Optimizing building a "contained words" list
Hi, to write an anagram generator, I have to look through a huge amount (2 * 10^6 QStrings) of words and find out, if the chars to build these words can be found in a given text, thus creating a list of 'all' words that could be created from text's "char material".
My solution takes far too much time, typically around 700 ms for a word list. Do you have ideas on how to do the task significantly faster?
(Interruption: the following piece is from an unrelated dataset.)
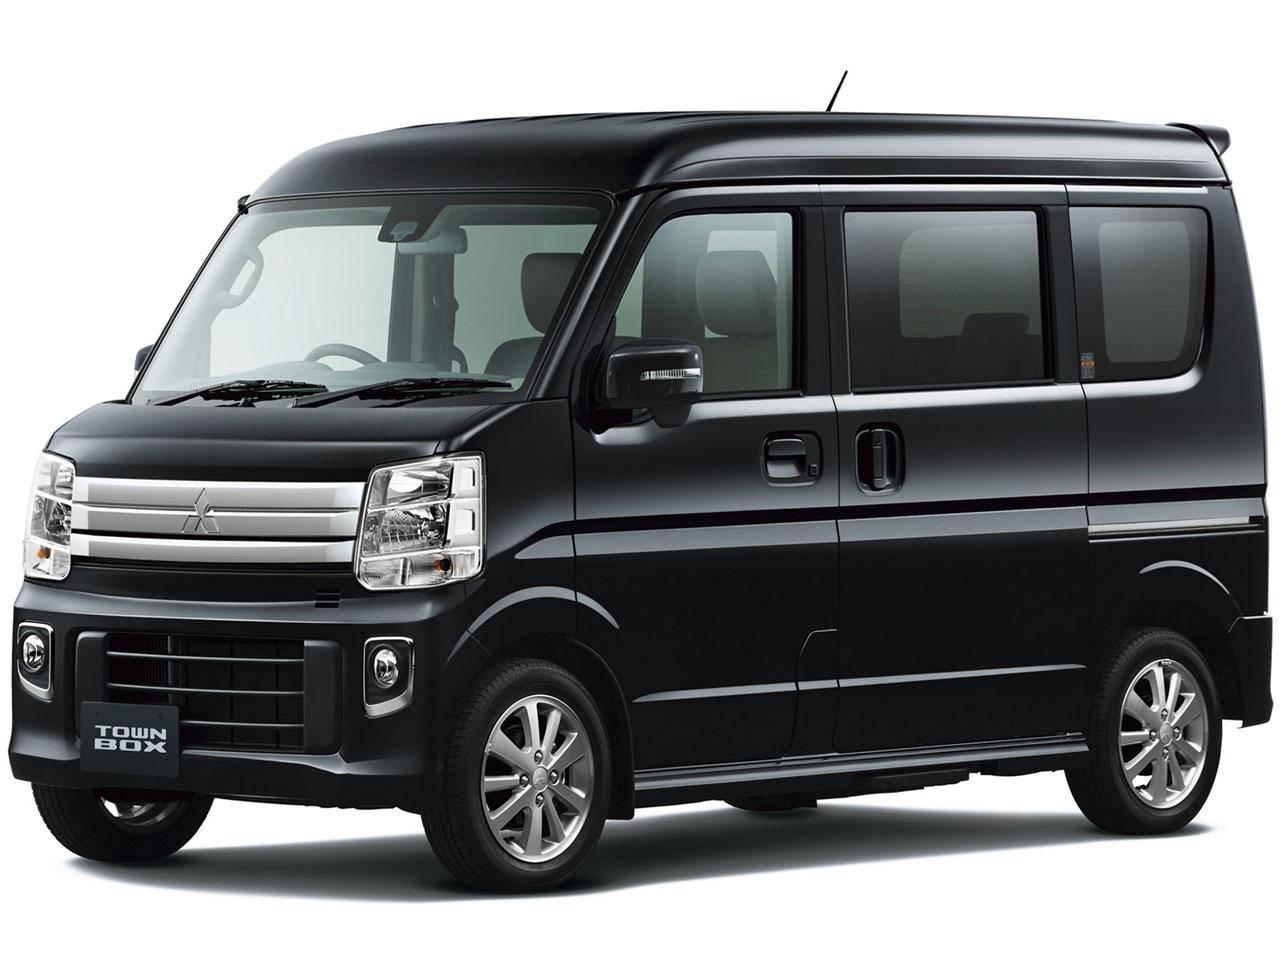 三菱 タウンボックス 2015年モデル 新車画像

bool contains(QString text, QString word) { for (auto i = word.begin(); i != word.end(); i++) { if (word.count(*i, Qt::CaseSensitive) > text.count(*i, Qt::CaseSensitive)) { return false; } } return true; };
I've tried avoiding to check a char twice, but this needed about 50% more time:
bool contains(QString text, QString word) { QHash<QChar, bool> done; for (auto i = word.begin(); i != word.end(); i++) { int wordCount = word.count(*i, Qt::CaseSensitive); int textCount = text.count(*i, Qt::CaseSensitive); if (wordCount > 1) { if (done.contains(*i)) continue; done.insert(*i,true); } if (wordCount > textCount) { return false; } } return true; };
To fill the actual word list, I use this code:
QVector<QString> wordList(QString text, const QVector<QString> bigList) { QVector<QString> resultList; resultList.reserve(6); for (auto s : bigList) { if (contains(text, s)) { resultList.append(s); } } return resultList; }
I've tried to pre-count the chars in the bigList, making it a
QHash<QString, QHash<QChar, int>> bigMap;
Here the count of each word's chars is stored to make "contains" faster, but unfortunately that structure seems to be too big, I get a bad_alloc exception at about 75% of filling it up.
Any ideas where to go from here? I feel quite lost.
Im wondering if
would help but since QString is implicitly shared already im not
sure the gain will be anything worthwhile.im also wondering if contains should not be
bool contains(const QString &text, const QString &word) {
for max speed ?